As an economic hit man, Perkins is haunted by concerns that his work with developing nations does more harm than good. He knows his job is to cheat local governments, but he also knows that America greatly fears the global expansion of communism and wants to stop it wherever it can, in part through the efforts of agents like Perkins. The corporatocracy, dirty though it may be, is the main system for accomplishing US foreign policy goals in the developing world. Perkins also enjoys large paychecks and a posh lifestyle filled with international adventure; these perks lure him back into the fold whenever his conscience balks.
Perkins vacillates about this dilemma. He tries to assuage his conscience by learning about and sympathizing with locals and indigenous people. This makes little difference to the demands of his work life, however, which compels him to continue selling regional leaders on the purported merits of the development programs he hawks. At one point Perkins achieves a sort of compromise through his friendship with Panama’s Omar Torrijos, who repays Perkins’s honest economic forecasts with plenty of development work for Perkins’s company.
Though Perkins wants to do good in the world, and though his moral quandary is understandable, his attempts to excuse his work by insisting he is fighting communism make him as naive as the third-world leaders he manipulates. This leads to his eventual realization that every player in the EHM system is enticed by its greed-based death economy. This scheme tempts all sides.

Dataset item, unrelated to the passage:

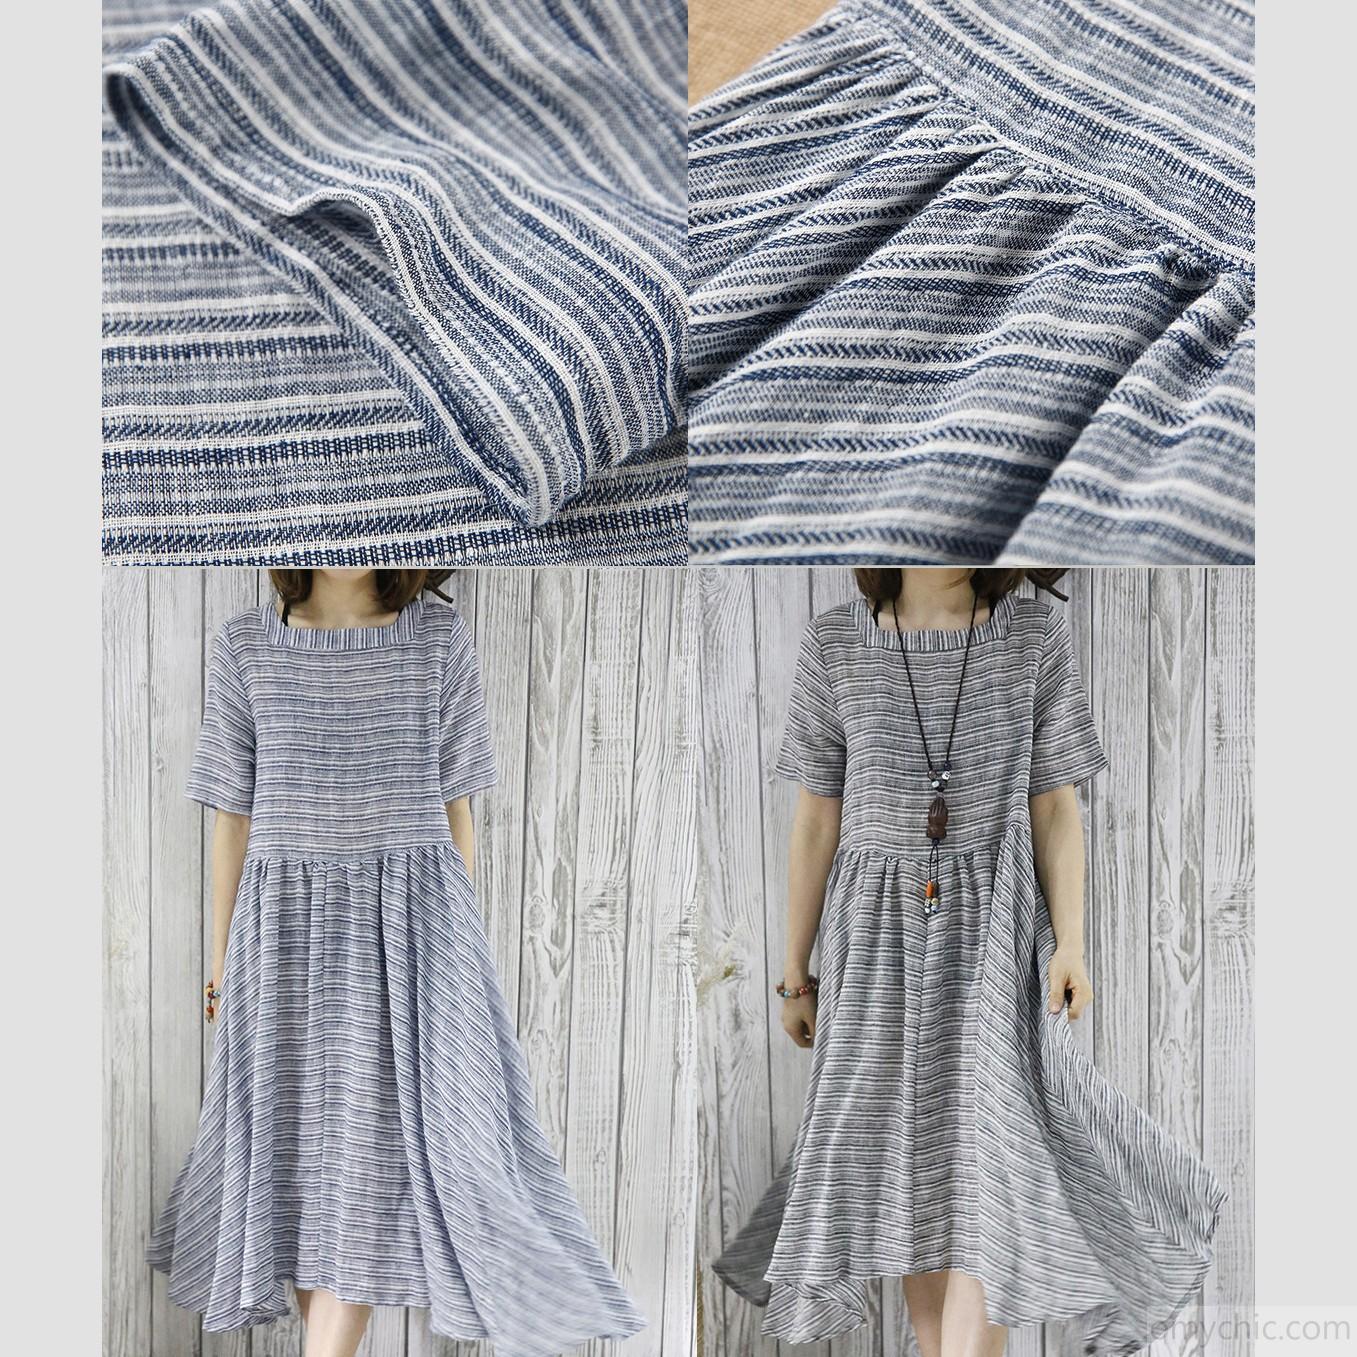 Stylish Maternity Clothes | Maternity Wedding Dresses | Maternity Sundress

It requires the unstinting efforts of Perkins’s Colombian friend Paula to convince Perkins that he must walk away from his economic hit man role and assume a new life as an activist. Perkins starts an alternate energy company, writes books, creates foundations to promote the interests of indigenous Amazonians, and finally pens a tell-all autobiography and its sequel, The New Confessions of an Economic Hit Man.
Perkins hopes that people and corporations alike will resolve the conflict between greed and equality by abandoning attitudes steeped in scarcity and fear for ones founded on abundance and love.
The corporatocracy chugs forward relentlessly, gathering steam as it hurtles toward total world domination. Its motive is greed, its method is debt and fear, and it seems unstoppable. Yet the corporatocracy contains a fatal flaw: Its program destroys everything, even those enriched by the economic hit man system—or, as Perkins also puts it, the “death economy.”
This destruction comes about largely through the degradation of the environment. The biggest corporate interests in the death economy, the oil companies, generate pollution on a global scale. The other corporations, with their endless construction projects, dam up rivers, tear down forests, and promote mass consumerism, which all take a heavy toll on natural resources.
Democracy, demonstrations, protests, and rebellions have failed to slow the death economy’s march. Masses of people are fed up with this relentless process, and a growing number of corporate CEOs want to refocus their firms from mindless consumer mongering to conservation, creative solutions, and respect for all peoples. Perkins offers an action plan based on love for others, a passion for vital work, and a willingness to join hands in community efforts.